THE DATA:
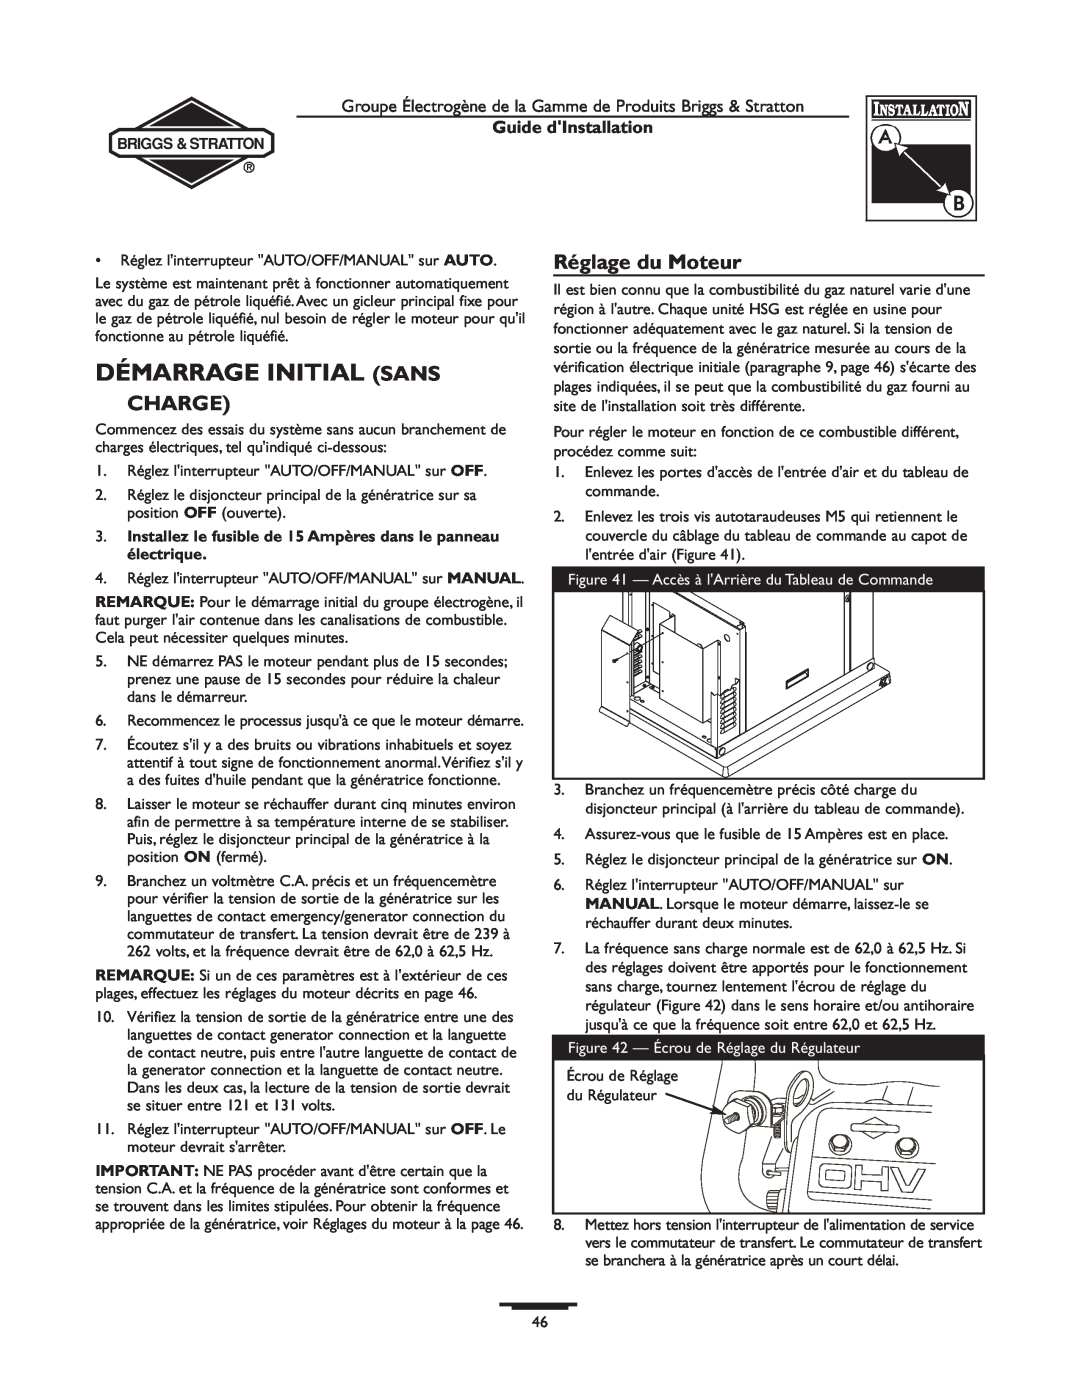 Briggs & Stratton 01938-0, 01815-0 manual Démarrage Initial Sans, Charge, Réglage du Moteur, Guide dInstallation 
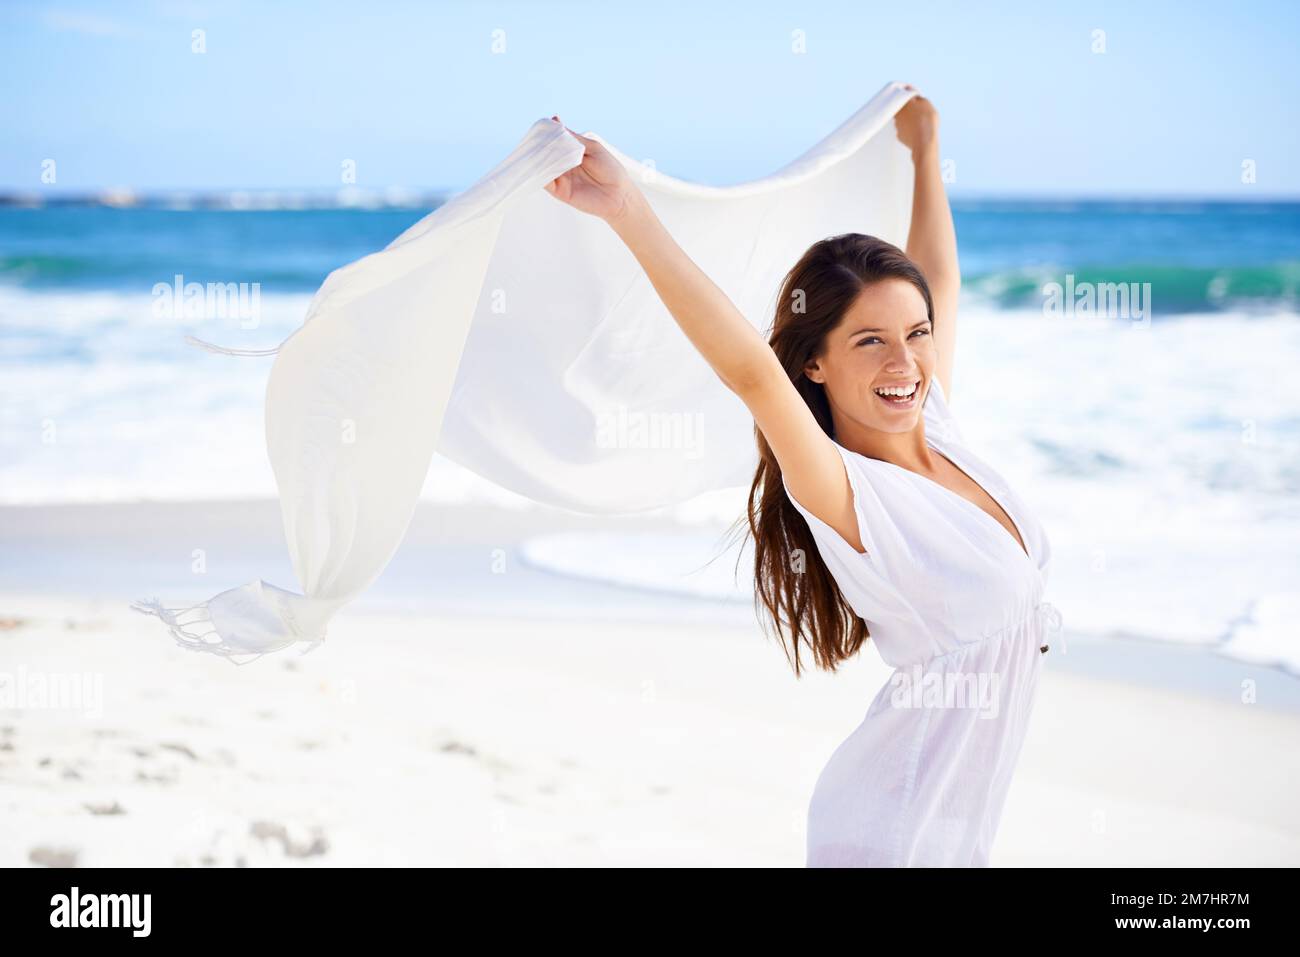 Sommerstil. Eine wunderschöne junge Frau am Strand mit einem weißen Schal, der im Wind weht. Stockfoto
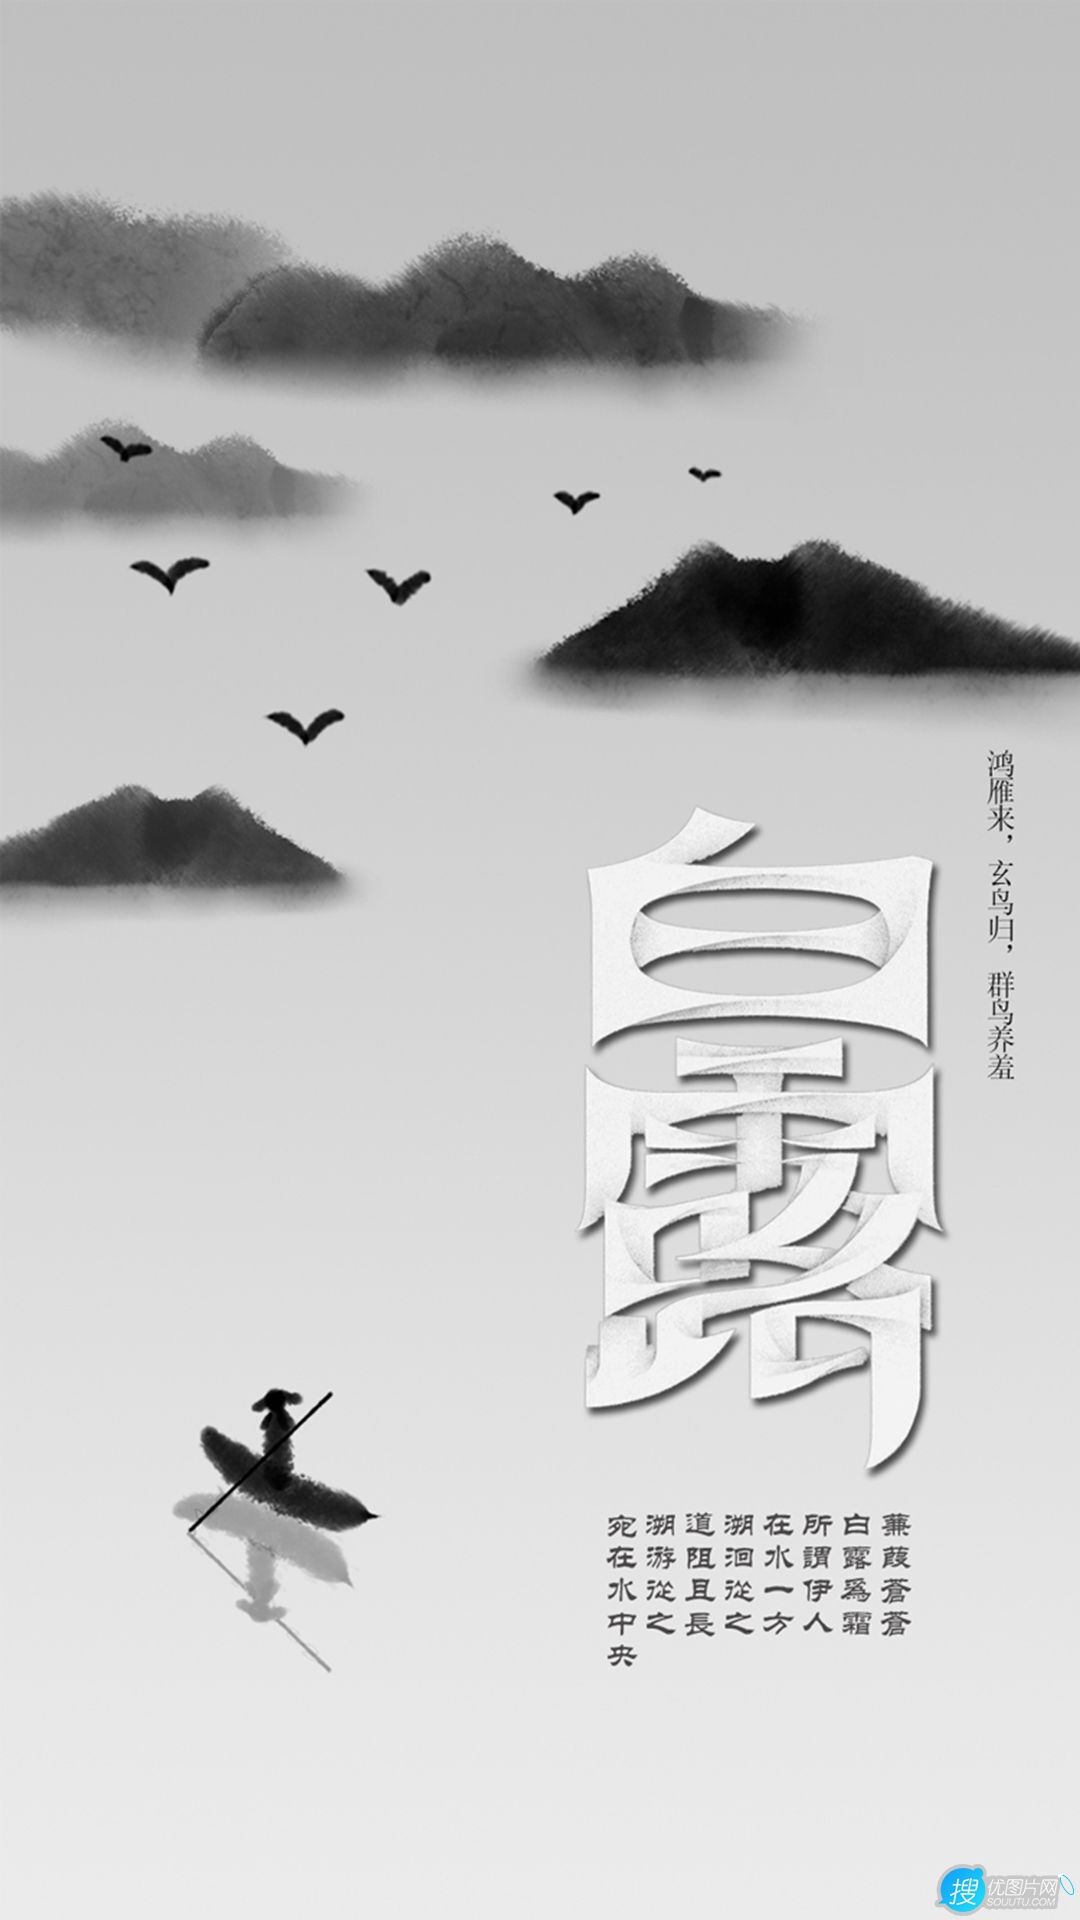 蝶舞花间，渔舟山水，白鹤祥瑞，唯美中国风，中国画主题白露节气手机壁纸套图4

WORK TO BE COMPLETED: Pictures aside, print every line of the material exactly.

OUTPUT OF THE EXERCISE:
 Briggs & Stratton 01938-0, 01815-0 manual Démarrage Initial Sans, Charge, Réglage du Moteur, Guide dInstallation 
 Sommerstil. Eine wunderschöne junge Frau am Strand mit einem weißen Schal, der im Wind weht. Stockfoto
 蝶舞花间，渔舟山水，白鹤祥瑞，唯美中国风，中国画主题白露节气手机壁纸套图4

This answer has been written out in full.